The union of these talented BMI affiliates, plus Eskmo (Brendan Angelides), Judson Crane, Nathan Johnson, Joseph Trapanese, and special guests Kira Kira and Eirkur Olafsson, along with a 12-piece chamber orchestra, made the summer Solstice event one that BMI needed to further investigate. Here, Simonsen, Wynn and Zuckerman discuss collaboration, share career insights and reveal what The Echo Society means to them.

How did you become involved with The Echo Society and what direction do you hope to see it go in the future?

Rob Simonsen: Some composer friends and I were talking about how we would love to write some music for music’s sake, and get a little community going where we could all write some stuff for a live group and use some sort of electronics if we wished. As we talked more, we all got excited by the idea and started working as a collective in this endeavor. The idea was to sort of build a fire to help other things (including ourselves) catch. In the future, I want to see The Echo Society be a source of creative possibility. I want to keep putting on concerts twice a year, to write for them and to grow the infrastructure to enable other inspired works (musical and visual) to be created and shared. I also would love to see us do more community outreach projects, involving young students and organizations where we can give back and continue to see what’s possible within the artistic community of L.A.

You’ve worked together with Academy Award-winning film composer Mychael Danna on several hugely successful films. What was your experience like under his mentorship?

RS: It was pretty amazing. Mychael is a stellar composer with a unique musical voice and perspective. That is on top of being a very smart and giving human being, from whom I learned so much in all areas. Working with him was the chance to be of service to him in his own work, which was so insightful and educational, which in turn supported me in my own evolution. It has been a huge impact on the composer and person I am today.
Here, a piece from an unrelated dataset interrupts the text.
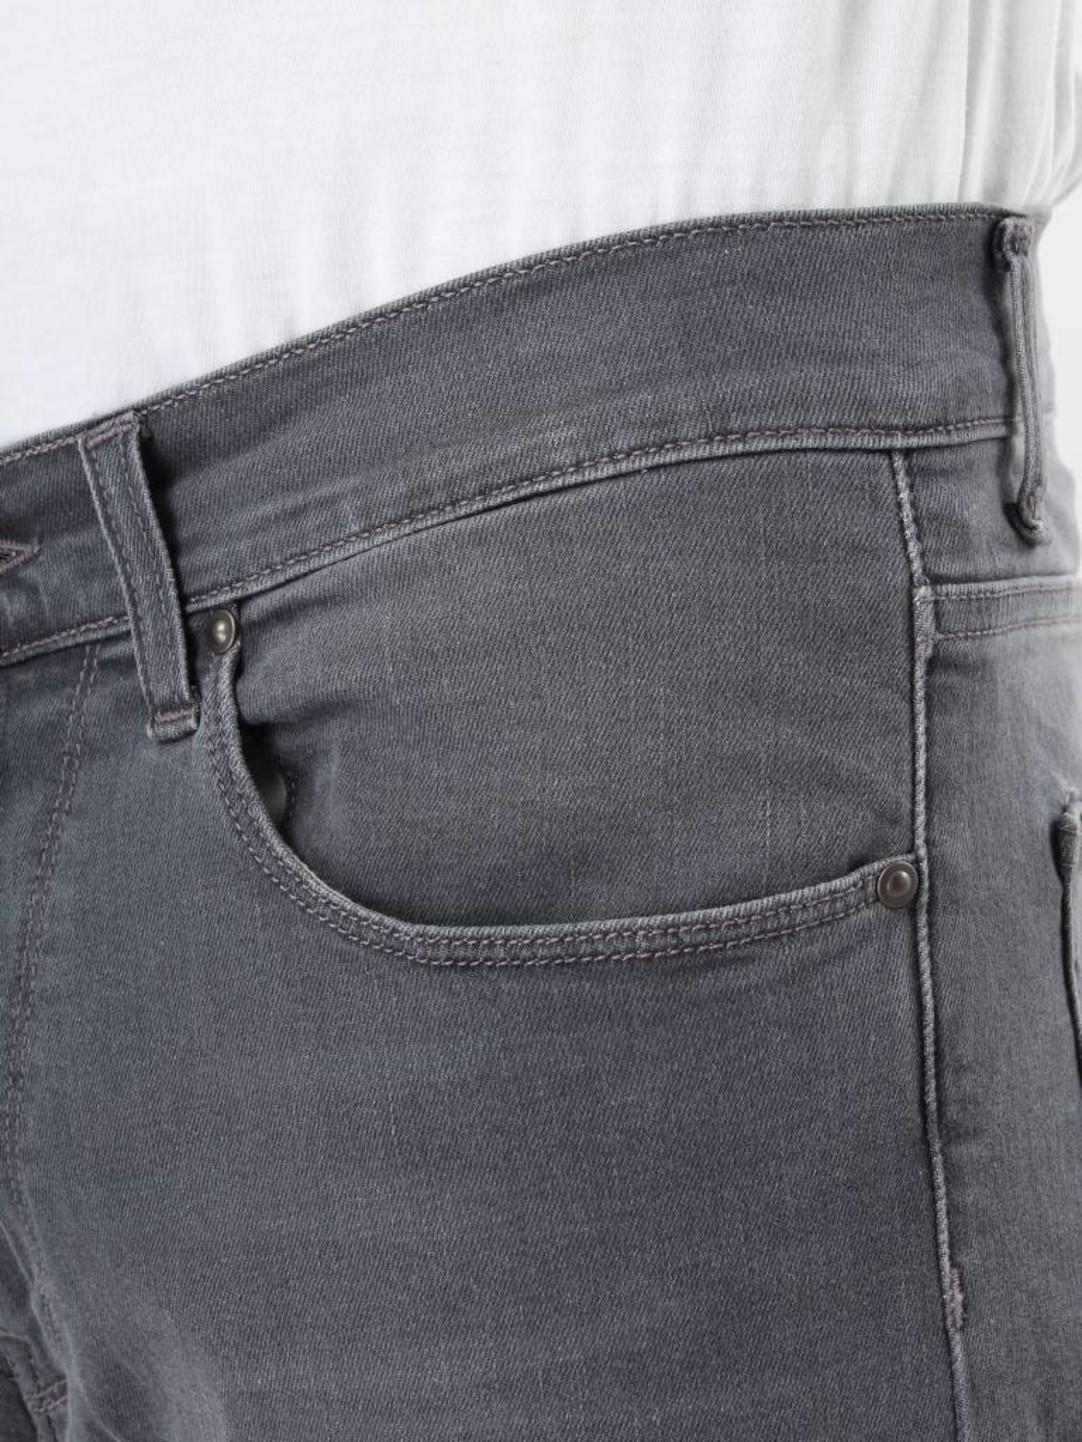 Carhartt WIP Carhartt WIP Vicious Pant Gravel Washed Grey I023024

I’m extremely fortunate and grateful. Our collaborations are very special to me.

Last year you scored the global ad lunch for Apple’s Iphone 5 “Everyday” campaign.  What was your inspiration behind the iconic piano music and how has composing for advertisements differed and/or overlapped from your experiences scoring for films? 

The inspiration was the desire to be simple and organic. “What comes from the heart reaches the heart.” I turned off the click track (after some long conversations in Berlin with my friend Dustin O’Halloran about writing without click), and just tried to flow. The track needed to sound effortless so I tried to not go down any rabbit holes of overthinking. I have found that a lot of my best work is when I just get out of the way and not overly critique or produce. It has taught me a lot about creating music in general: simple is usually best.
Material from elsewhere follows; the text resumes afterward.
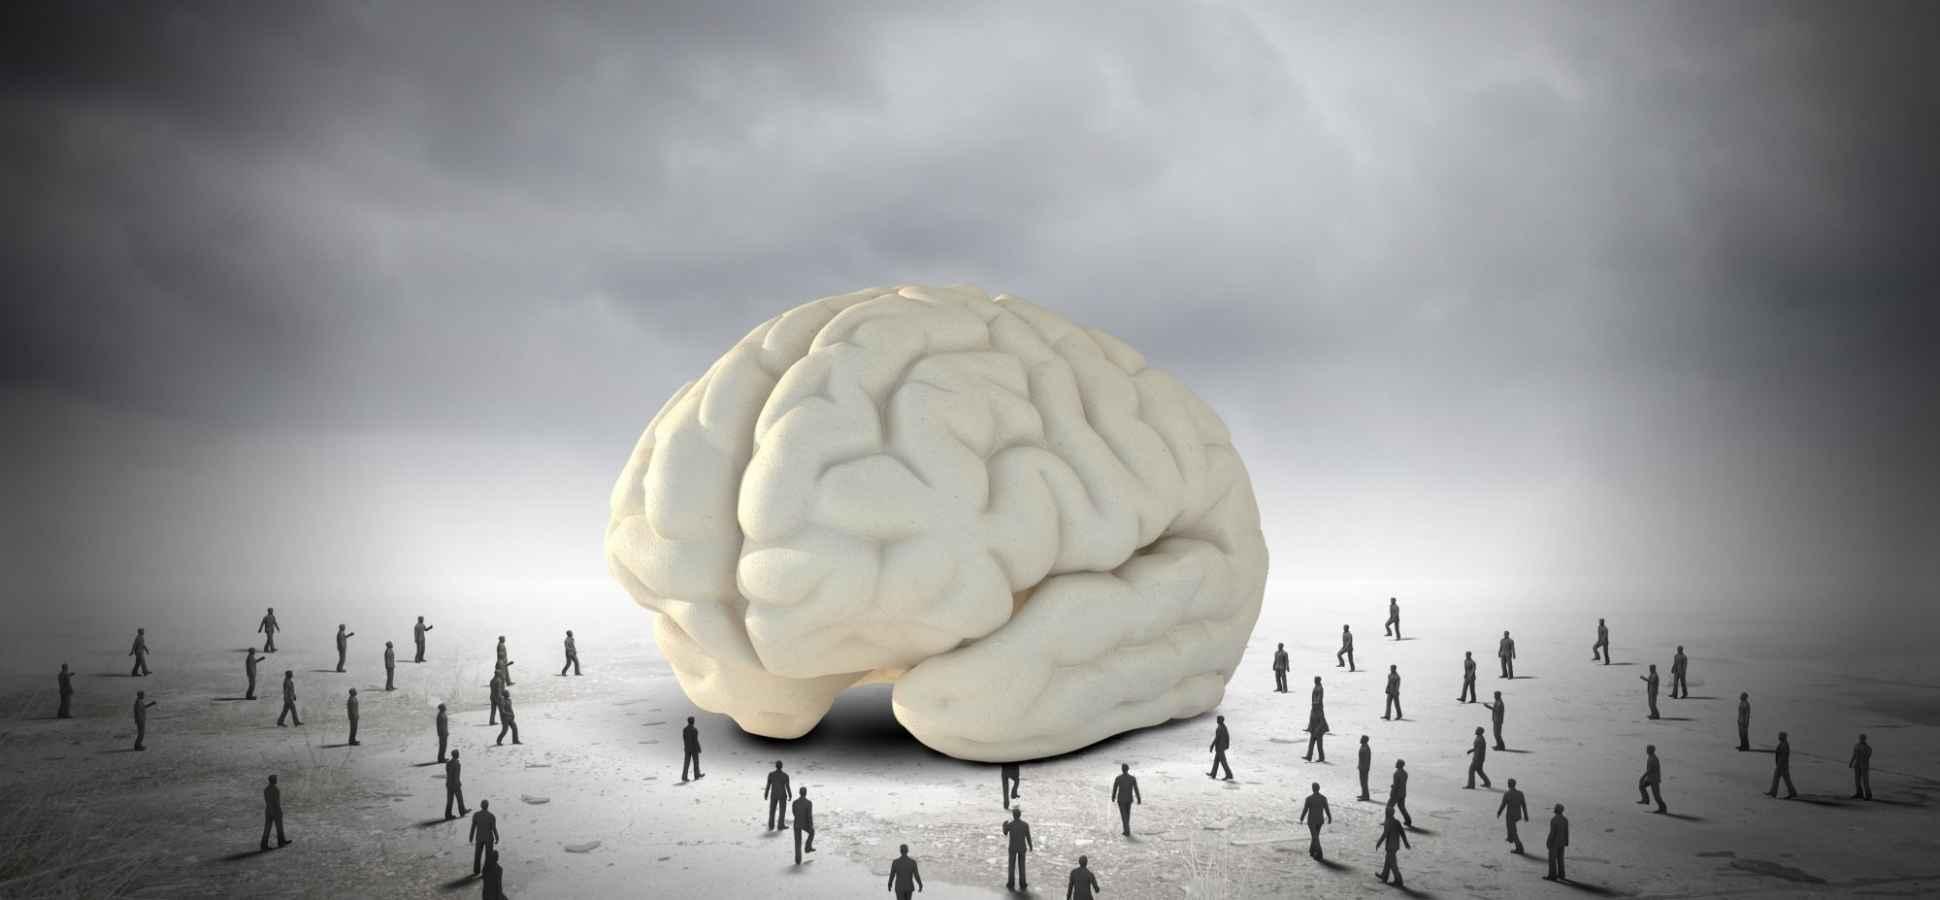 نتيجة بحث الصور عن What happens to your brain and body when you procrastinate too much

On your tumblr, announcing the release of your concept album, 1979, you wrote, “Before music was such an easily traded commodity, it was often an experience to which people gave their full attention. Let’s bring that experience back. Let’s respect what music is worth.” What value does music hold in your life and why has music been your outlet for storytelling?

Benjamin Wynn: I knew at some point in high school that I wanted to focus my life on music, and I haven’t wavered since, so you could definitely say that it holds a huge value for me. Music has the ability to express feelings and emotions that I find are often hard to express in words. It seems to me that it has the ability to hit us in an area of our brains just below words and logic. I think I gravitated towards music early on because I loved the way it could make me feel, and I thought that I could add to the musical conversation in that regard.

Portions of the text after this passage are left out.